Geostationary-Satellite Orbit (GSO) refers to a specific high-altitude orbit used for telecommunications satellites. A satellite in GSO is positioned at an altitude of approximately 35,786 kilometers directly above the Earth's equator. At this altitude, the satellite's orbital period is exactly 24 hours, synchronizing with the Earth's rotational period. Consequently, when observed from the ground, the satellite appears stationary in the sky. This characteristic is crucial for establishing fixed ground antenna pointing, simplifying the ground station and user terminal design, as they do not need to track satellite movement.

Within the 3GPP framework, starting from Release 15, GSO satellites are defined as a component of Non-Terrestrial Networks (NTN). The 3GPP specifications define the technical parameters for integrating GSO satellites into the 5G NR radio access network. This includes defining the specific radio characteristics, such as the very large propagation delay (approximately 250 ms one-way) and Doppler shift characteristics, which are negligible for GSO compared to Low Earth Orbit (LEO) satellites due to the fixed relative position. The radio interface must be adapted to handle these unique channel conditions.

The system architecture for GSO-based NTN involves the satellite acting as a radio relay node, or in some scenarios, a base station (gNB).
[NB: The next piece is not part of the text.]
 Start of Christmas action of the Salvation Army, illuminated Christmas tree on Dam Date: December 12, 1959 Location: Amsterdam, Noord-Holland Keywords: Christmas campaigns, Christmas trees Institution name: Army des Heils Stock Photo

The satellite communicates with User Equipments (UEs) on the service link and with a ground-based gateway station on the feeder link. The gateway then connects to the 5G core network. Key challenges addressed in the specifications include timing advance management for the enormous delay, handling of discontinuous coverage (for regenerative payloads), and mobility procedures adapted for a virtually fixed cell from the user's perspective. The radio specifications (e.g., 38.101, 38.306) define frequency bands, UE requirements, and performance aspects for operation with GSO satellites.

Purpose & Motivation

The integration of GSO satellites into 3GPP standards was motivated by the need to provide seamless global coverage, including in remote, maritime, and aerial areas where terrestrial networks are economically or physically impractical to deploy. Traditional terrestrial cellular networks have coverage gaps that satellites are uniquely positioned to fill. GSO satellites, with their fixed footprint covering roughly a third of the Earth's surface, offer a proven and reliable method for broadcast and wide-area communications.
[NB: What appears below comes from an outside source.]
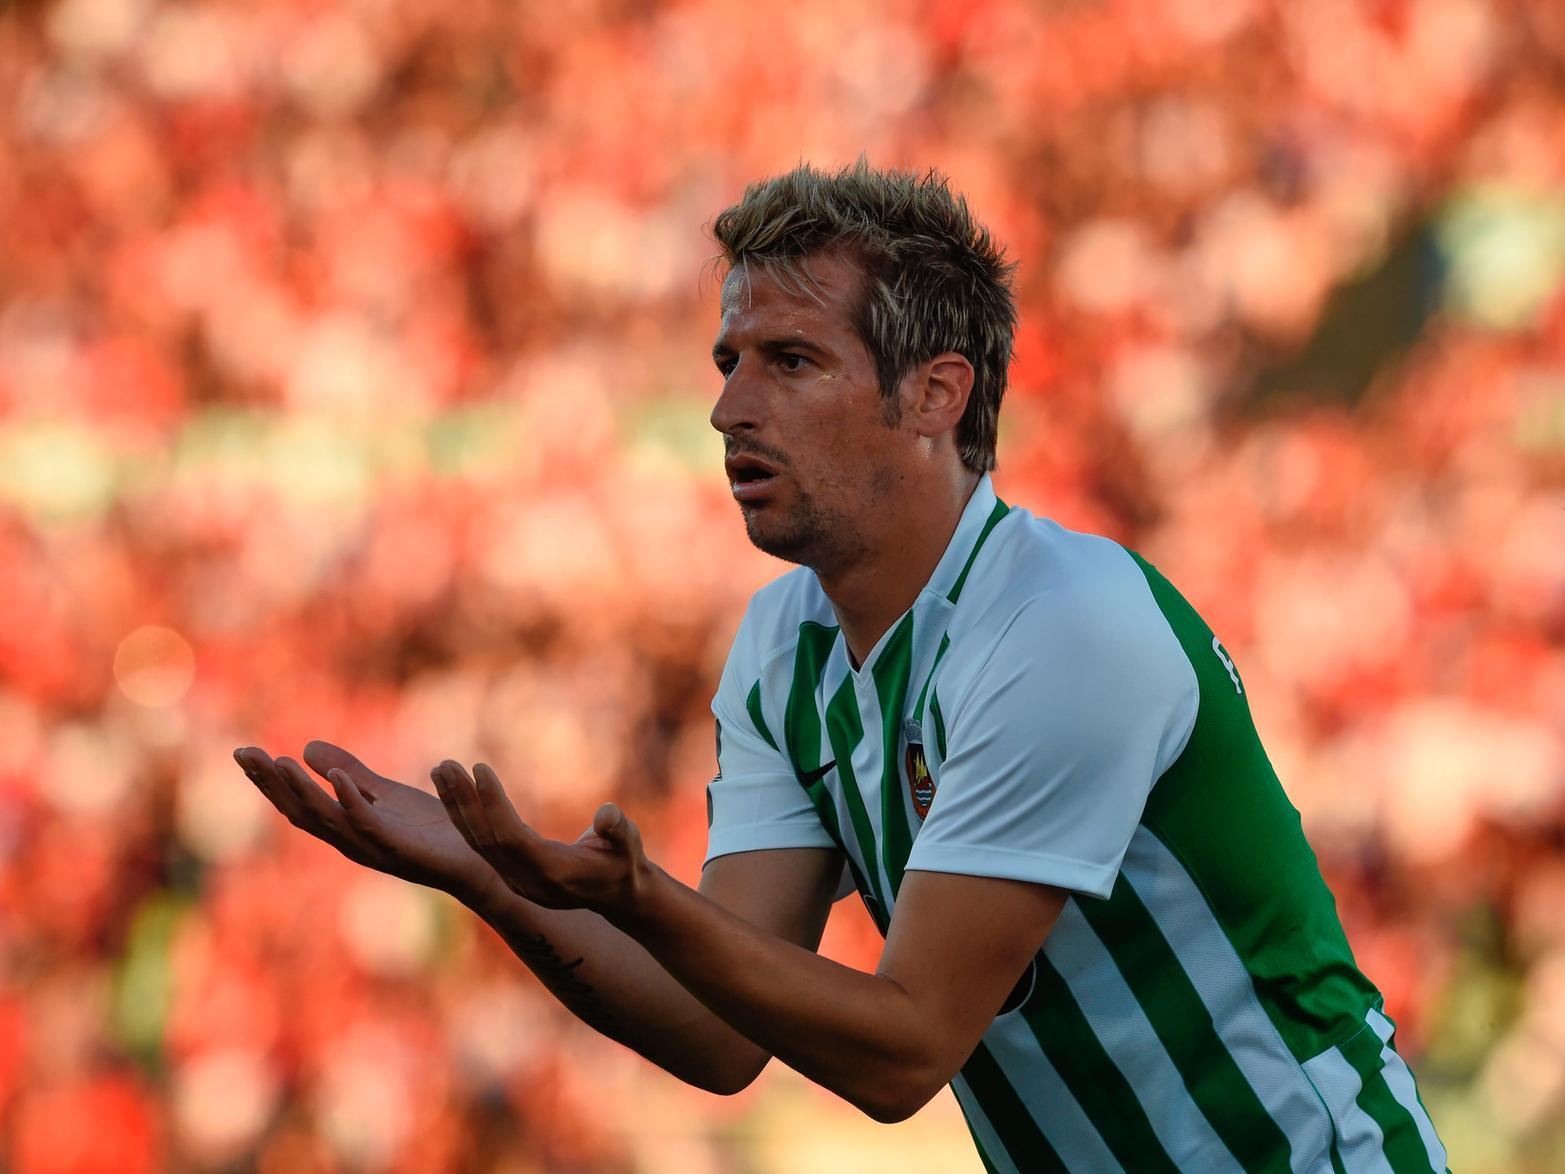 At just 31-years-old the ex-Real Madrid and Portugal international left-back has time left to resurrect his career after leaving Rio Ave. Wage demands may put some Premier League clubs off, however.

3GPP's work on NTN, including GSO, aims to unify terrestrial and non-terrestrial networks under a single 5G system architecture. This creates a true global network, enabling service continuity for users moving between terrestrial and satellite coverage. It also allows for new use cases like massive IoT sensor networks in remote areas, backhaul for terrestrial networks, and communications for transportation sectors (aviation, shipping). GSO was included alongside LEO and MEO orbits to provide a range of solutions balancing coverage area, latency, and infrastructure cost, with GSO offering the advantage of continuous coverage over a vast region with a small number of satellites.